Exercise prompt → Would you transcribe the records below from the line with "Kompostavimas yra vienas efektyviausių" to the line with "16 Handles, 178", ends included, exactly and with nothing more, leaving the pictures out?

━━ Provided information ━━

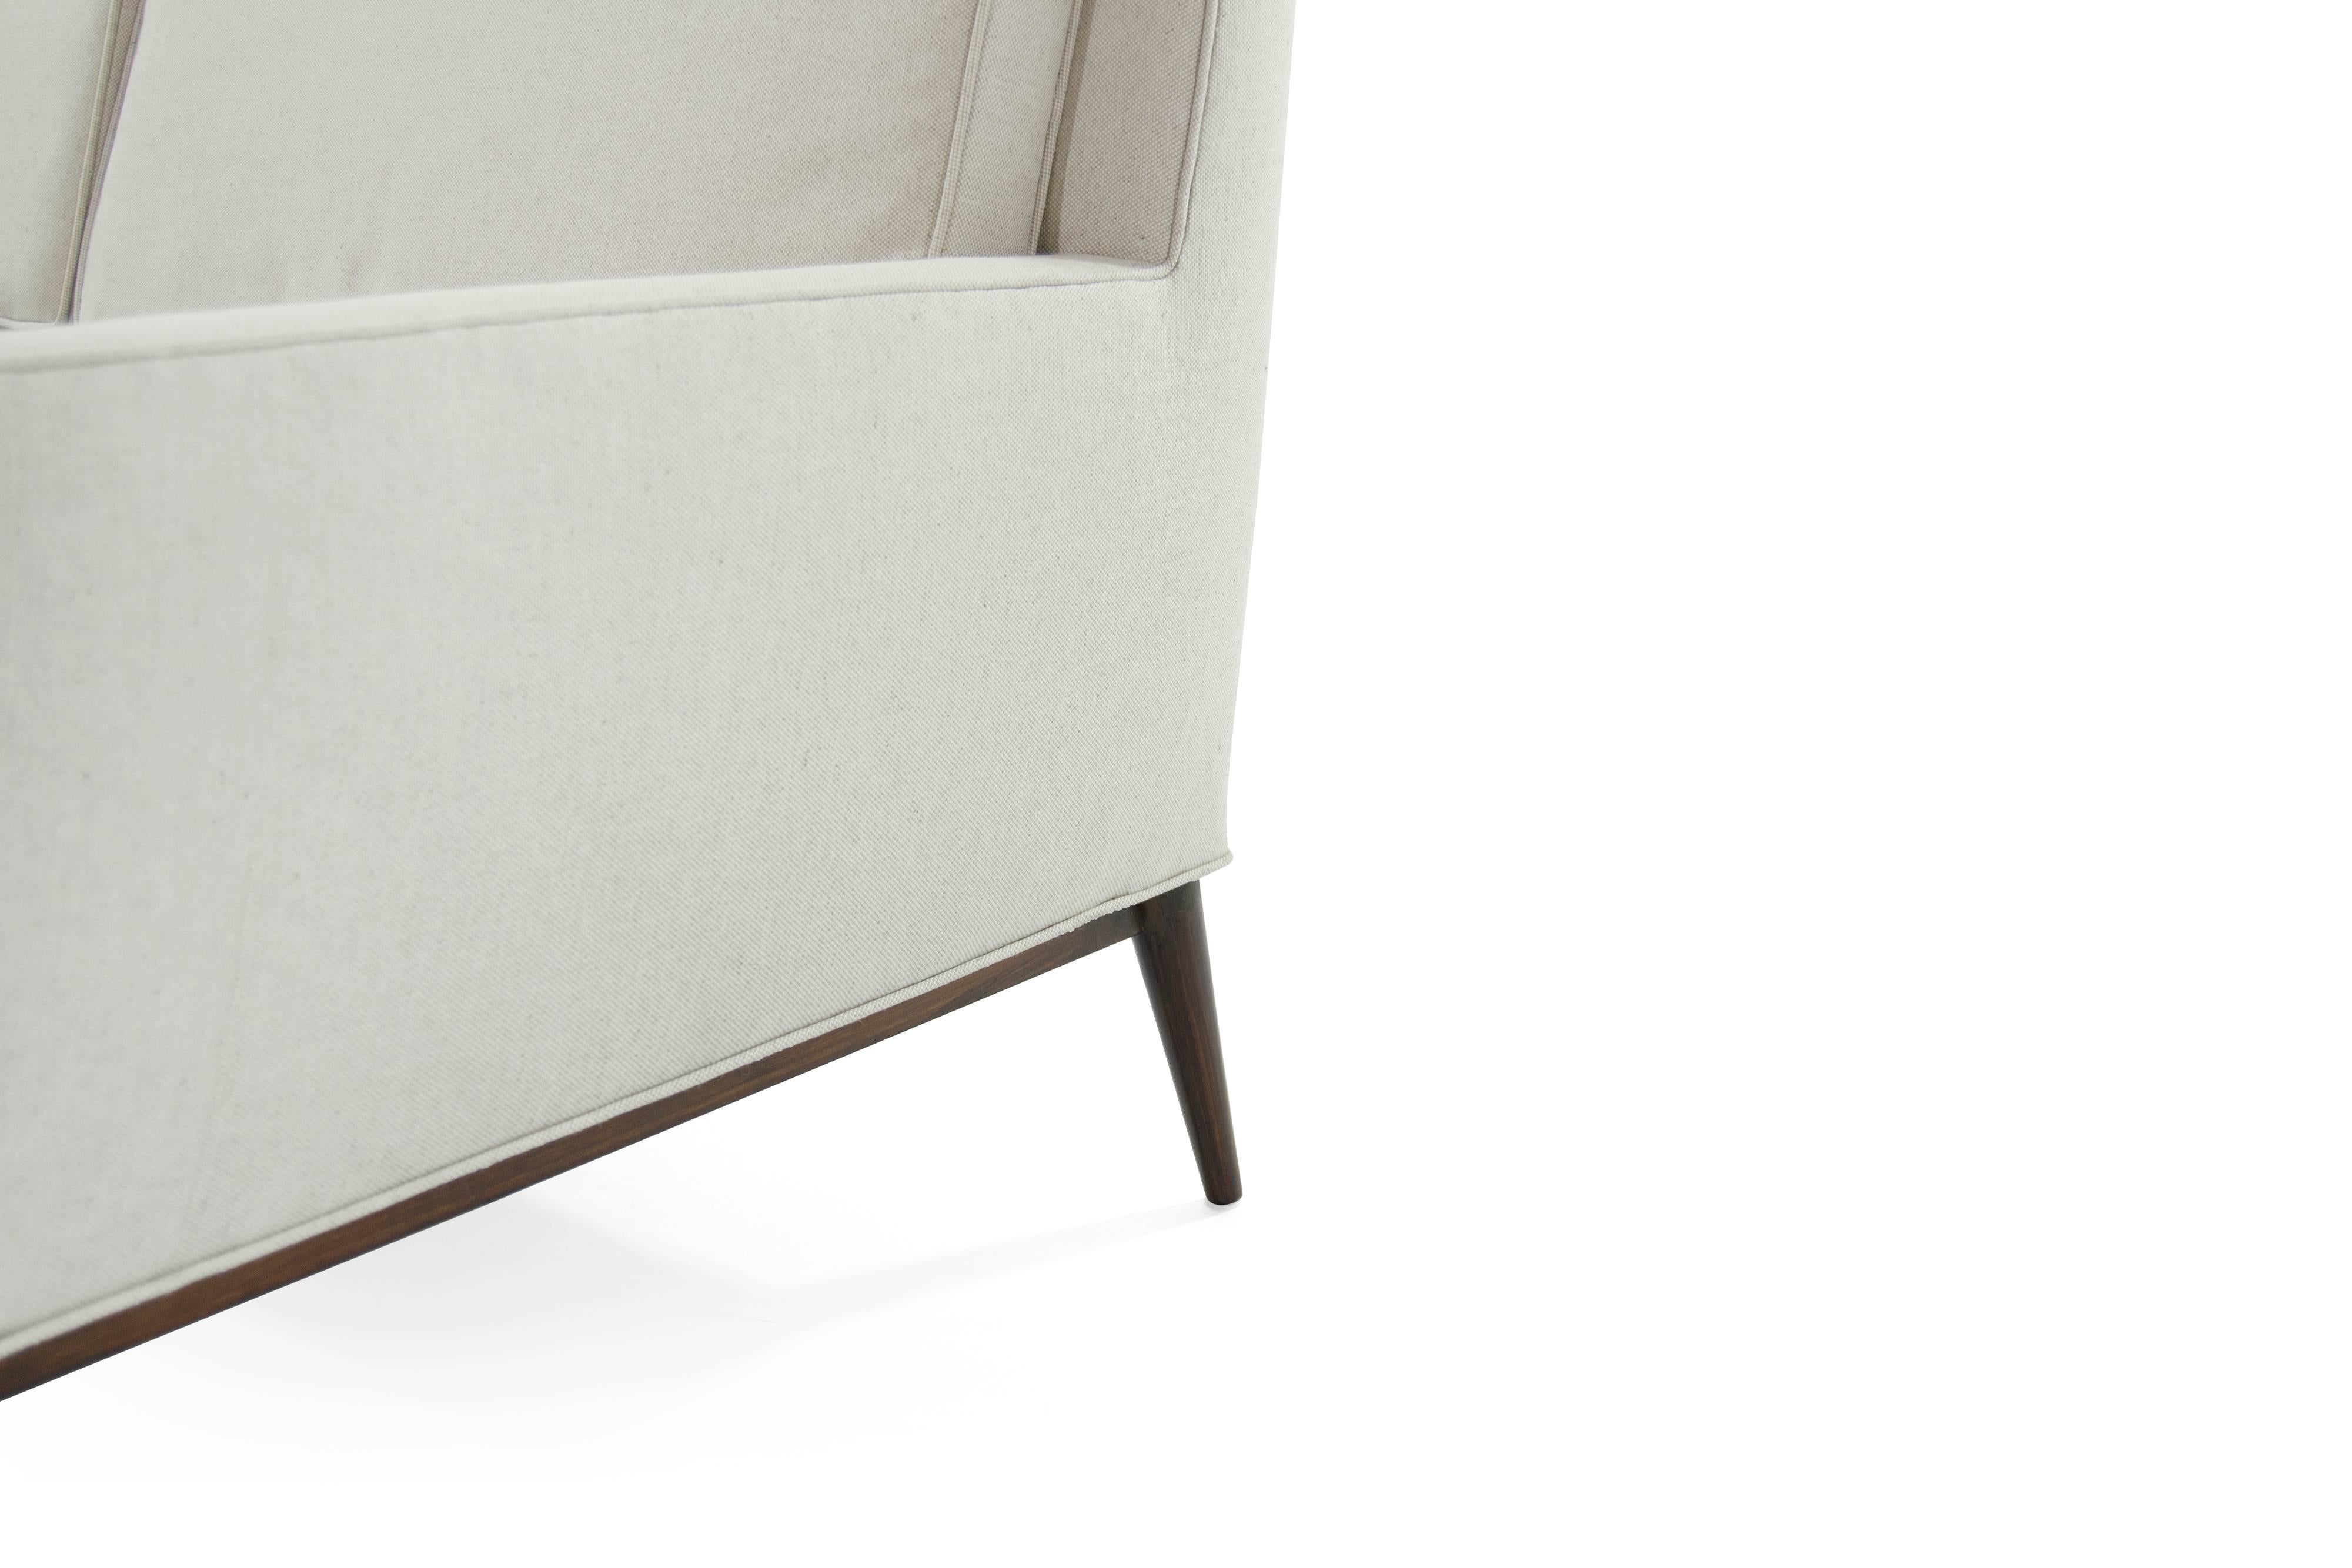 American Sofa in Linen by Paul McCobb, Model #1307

━━━
━━ Provided information ━━

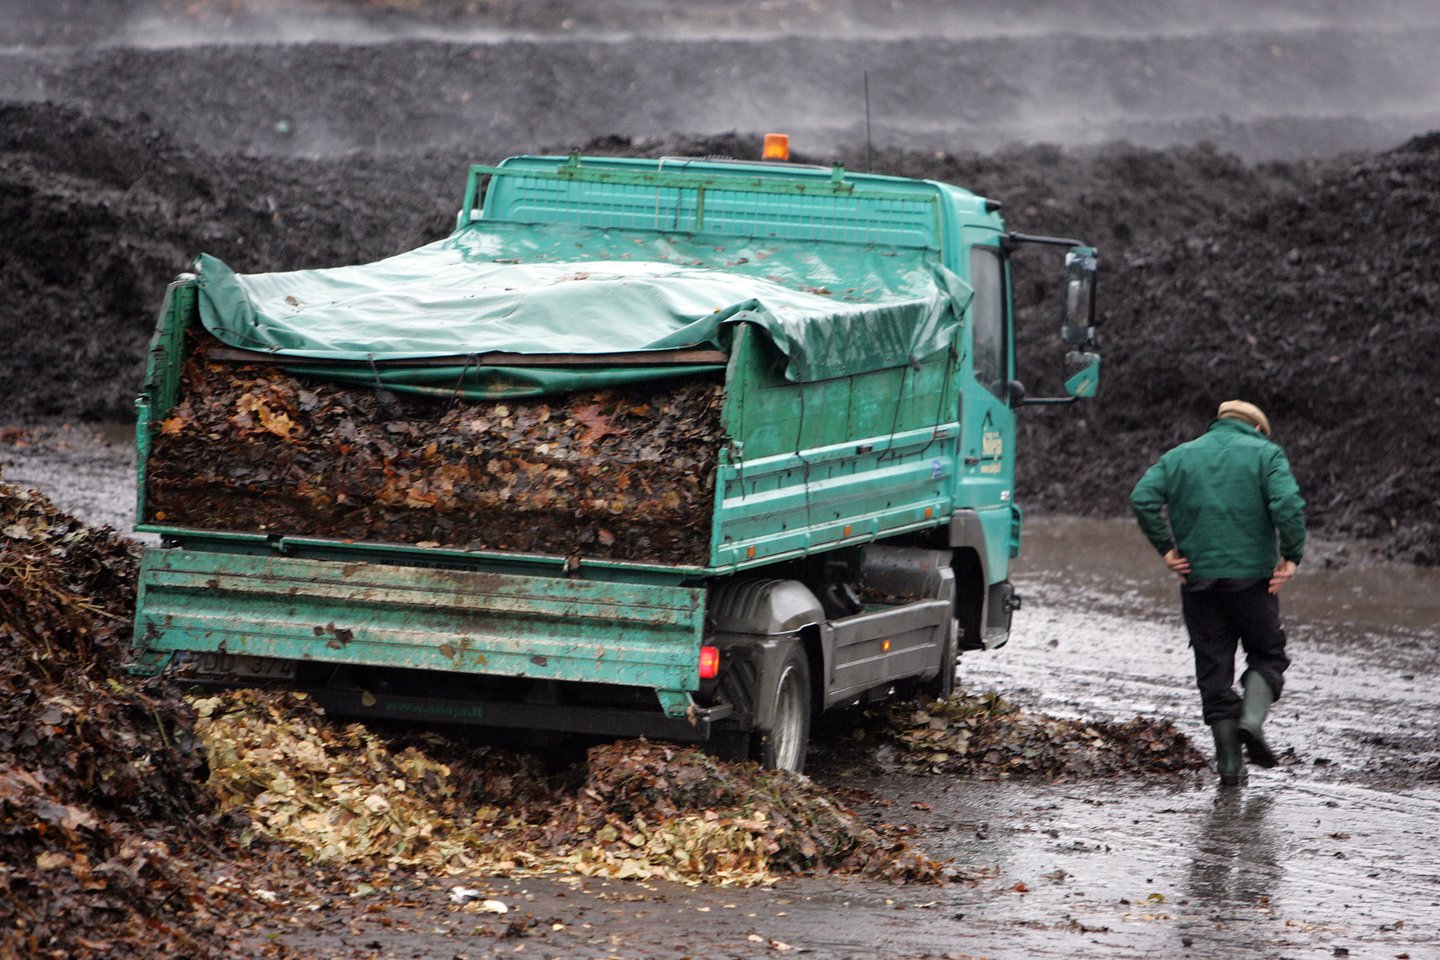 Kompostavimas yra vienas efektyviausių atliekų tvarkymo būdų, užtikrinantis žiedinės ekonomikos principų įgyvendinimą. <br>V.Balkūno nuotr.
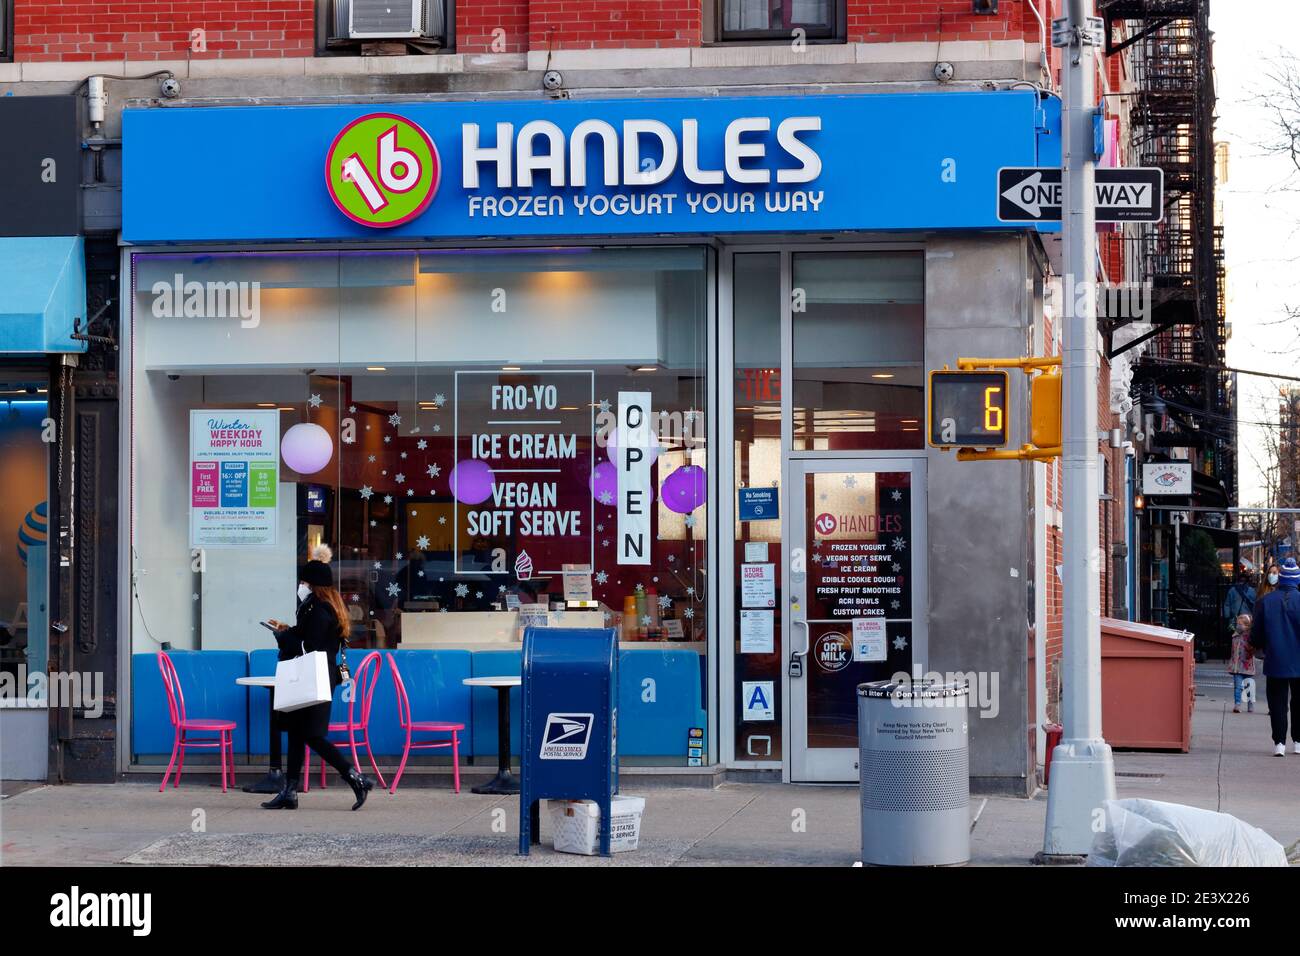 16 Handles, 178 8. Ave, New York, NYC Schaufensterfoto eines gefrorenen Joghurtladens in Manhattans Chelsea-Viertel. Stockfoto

━━━

Task output →
 Kompostavimas yra vienas efektyviausių atliekų tvarkymo būdų, užtikrinantis žiedinės ekonomikos principų įgyvendinimą. <br>V.Balkūno nuotr.
 16 Handles, 178 8. Ave, New York, NYC Schaufensterfoto eines gefrorenen Joghurtladens in Manhattans Chelsea-Viertel. Stockfoto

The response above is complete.